Genome data and life bike of HSV-1
(a) Structure of the HSV-i DNA. The unique long (U50) region is flanked past the terminal repeat (TRL) and the internal repeat (IR50). The unique short (USouthward) region is bounded by the terminal repeat (TRS) and the internal repeat (IRS). (b) HSV-1 life cycle. ane: entry into the host cell; 2: viral factor expression; 3: genome replication; 4: virion assembly; 5: release of new infectious virus
The principal infection of HSV-1 is mainly in epithelial or mucosal cells, and and so establishes a latent infection when information technology is transported to the sensory ganglia (Nicoll et al., 2012). During HSV-1 latent infection, the genome transcription is inhibited with the exception of a sequence encoding the latency-associated transcripts (LATs) (Wagner and Bloom, 1997; Preston, 2000; Efstathiou and Preston, 2005). The renewed lytic infection at epithelial or mucosal cells happens when there is reactivation of latent HSV-1 (Wuest and Carr, 2008).

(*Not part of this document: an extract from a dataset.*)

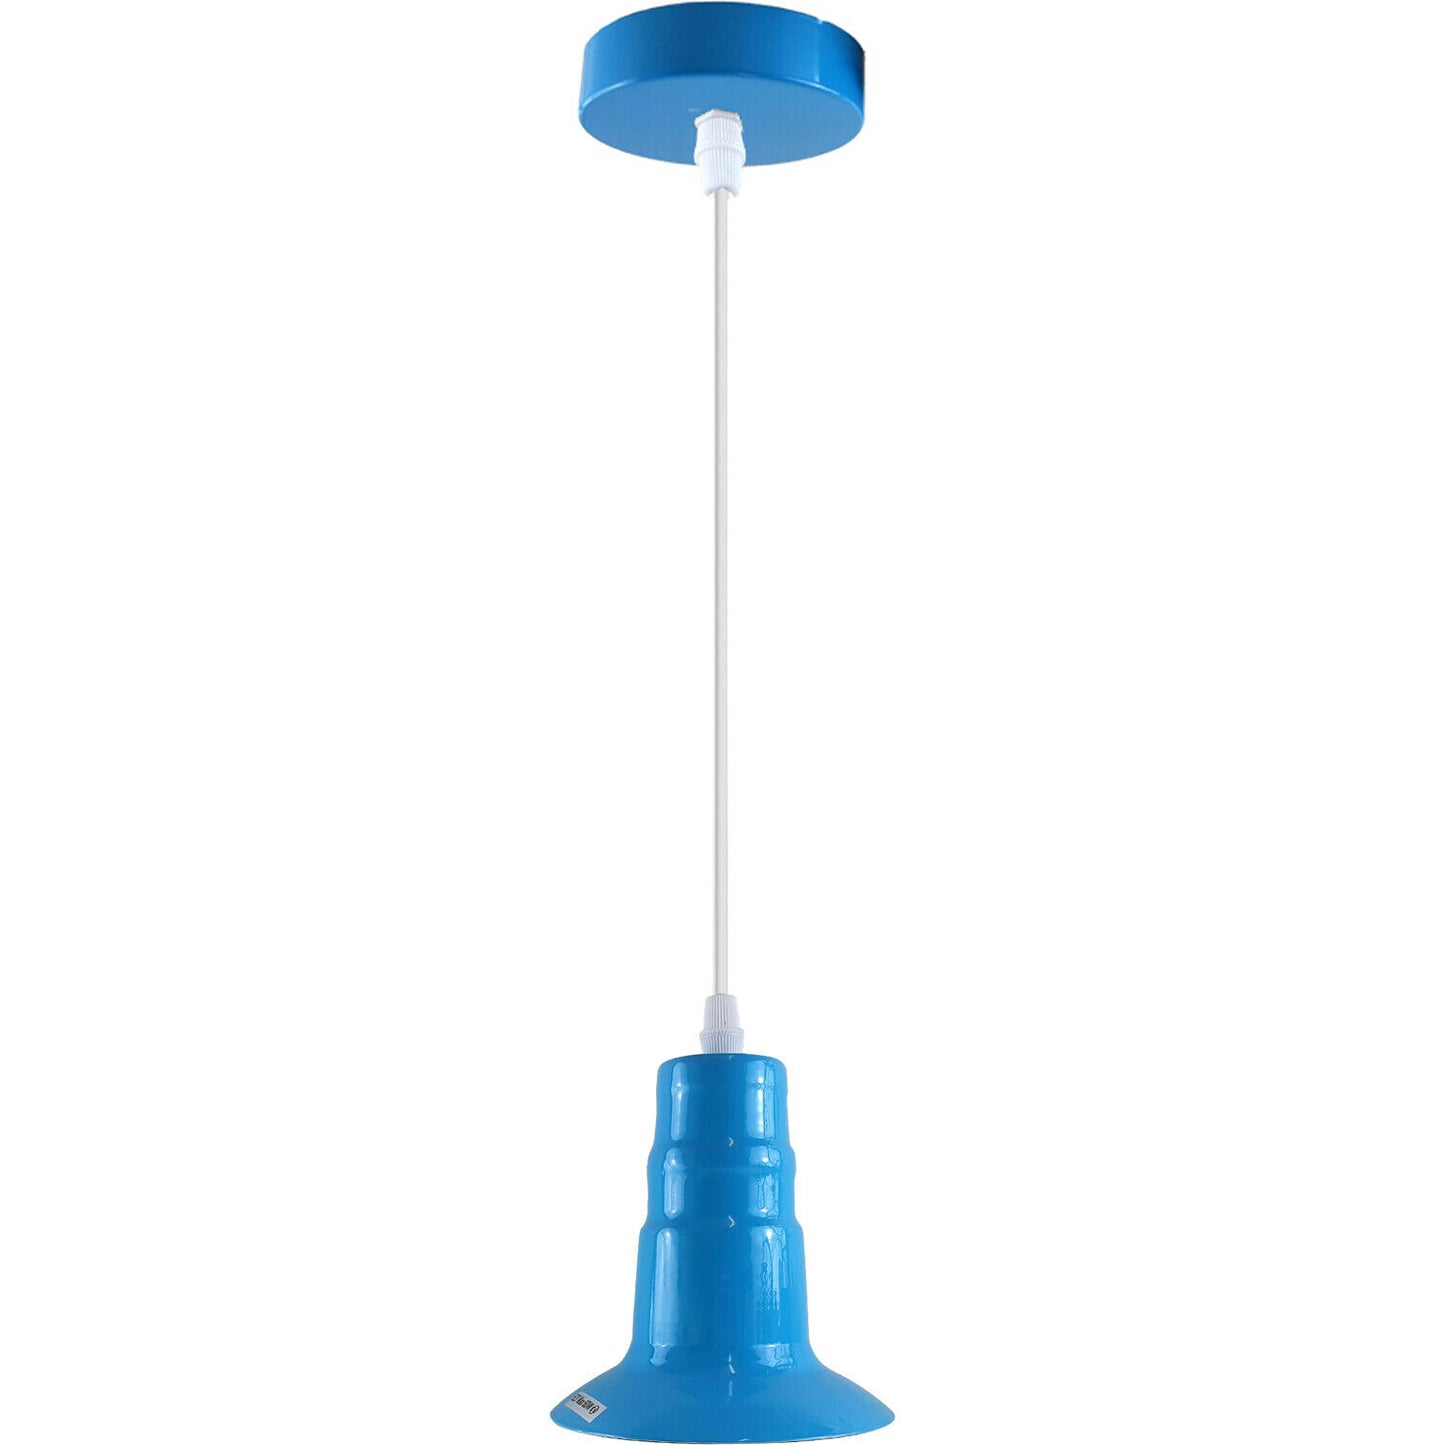 Blue Industrial Ceiling E27 Base Fitting Lamp Holder Pendant

HSV-1 infection is widespread, and its seropositivity may comprehend more than than 70% of the globe population. In developing countries, HSV-ane infection is universal, and acquired from intimate contact with family in early childhood (Whitley et al., 1988). In developed countries, some data suggest that conquering of HSV-1 is delayed from early babyhood to young adulthood (Hashido et al., 1999; Mertz et al., 2003). In the United States, 65% of people have antibodies to HSV-ane, which is similar to the epidemiology in Europe (Xu et al., 2002). HSV-1 infection can cause clinical disease in various parts of the human being body, such every bit genitalia, eye, oral, and central nervous system (CNS). The diseases associated with HSV-1 are listed in Table 1.
Table 1
Diseases associated with HSV-1 infection
| Infected body part | Disease | Reference |
| Pare | Cutaneous canker | Zendri et al., 2005; Faron et al., 2016 |
| Genital canker | Nieuwenhuis et al., 2006; Khoury-Hanold et al., 2016 | |
| Ocular | Canker simplex keratitis (HSK) | Burrel et al., 2013; Tsatsos et al., 2016 |
| Uveitis | Krichevskaia et al., 2005; van Velzen et al., 2013 | |
| Acute retinal necrosis | Mora et al., 2009; Fong et al., 2014 | |
| Orolabial | Cold sores | Richardson et al., 2013; Chi et al., 2015 |
| Oral ulcers | Sepulveda et al., 2005; Nicolatou-Galitis et al., 2006 | |
| CNS | Encephalitis | Bradshaw and Venkatesan, 2016; Eriksson et al., 2016 |
| Meningitis | Eisenstein et al., 2004; Azadfar et al., 2014 | |
| Alzheimer'south disease | Beffert et al., 1998; Itzhaki et al., 1998 |
Inhibition of viral infection and clearance of the virus from infected cells rely on the innate and adaptive immunity of the host. The host innate immune system has evolved soluble components and specialized cells to cake viral infection, replication, and shedding (Medzhitov and Janeway, 2000; Kawai and Akira, 2006). During viral infection, design recognition receptors (PRRs) have a role in detecting the viral pathogen-associated molecular patterns (PAMPs) in infected cells. The activated PRRs, such as Toll-like receptors (TLRs) and retinoic acid inducible gene-I (RIG-I)-similar receptors (RLRs), volition induce interferon production and cytokine release (Akira et al., 2006). The cellular PRRs to detect HSV-one PAMPs have been reviewed extensively (Paludan et al., 2011; Melchjorsen, 2012). The type I interferon (IFN) signal pathway is the important first line of defense for the host against HSV-i. The innate immune cells including monocytes, neutrophils, dendritic cells (DCs), macrophages, and natural killer (NK) cells also play a crucial role in inhibiting HSV-1 infection (Kodukula et al., 1999; Barr et al., 2007; Spud et al., 2008; Zheng et al., 2008; Mott et al., 2011; 2014; Frank et al., 2012; Kim et al., 2012; Molesworth-Kenyon et al., 2012; Swiecki et al., 2013; Vogel et al., 2014; Menasria et al., 2015). During infection, HSV-1 has developed multiple mechanisms to evade innate host immune responses and benumb host antiviral elements (Paladino and Mossman, 2009; Suazo et al., 2015; Su et al., 2016). Although the functions of host innate amnesty such as blazon I IFN and innate allowed cell activity are need to suppress HSV-ane replication and infection, the generation of both CD8+ and CD4+ T cells is ultimately required to inhibit viral infection, bulldoze HSV-1 into latency, and repress reactivation. This review will summarize and discuss current findings of the T cell immune response during HSV-1 infection, which could facilitate the attempts of more constructive vaccine development for treating HSV-1 infection.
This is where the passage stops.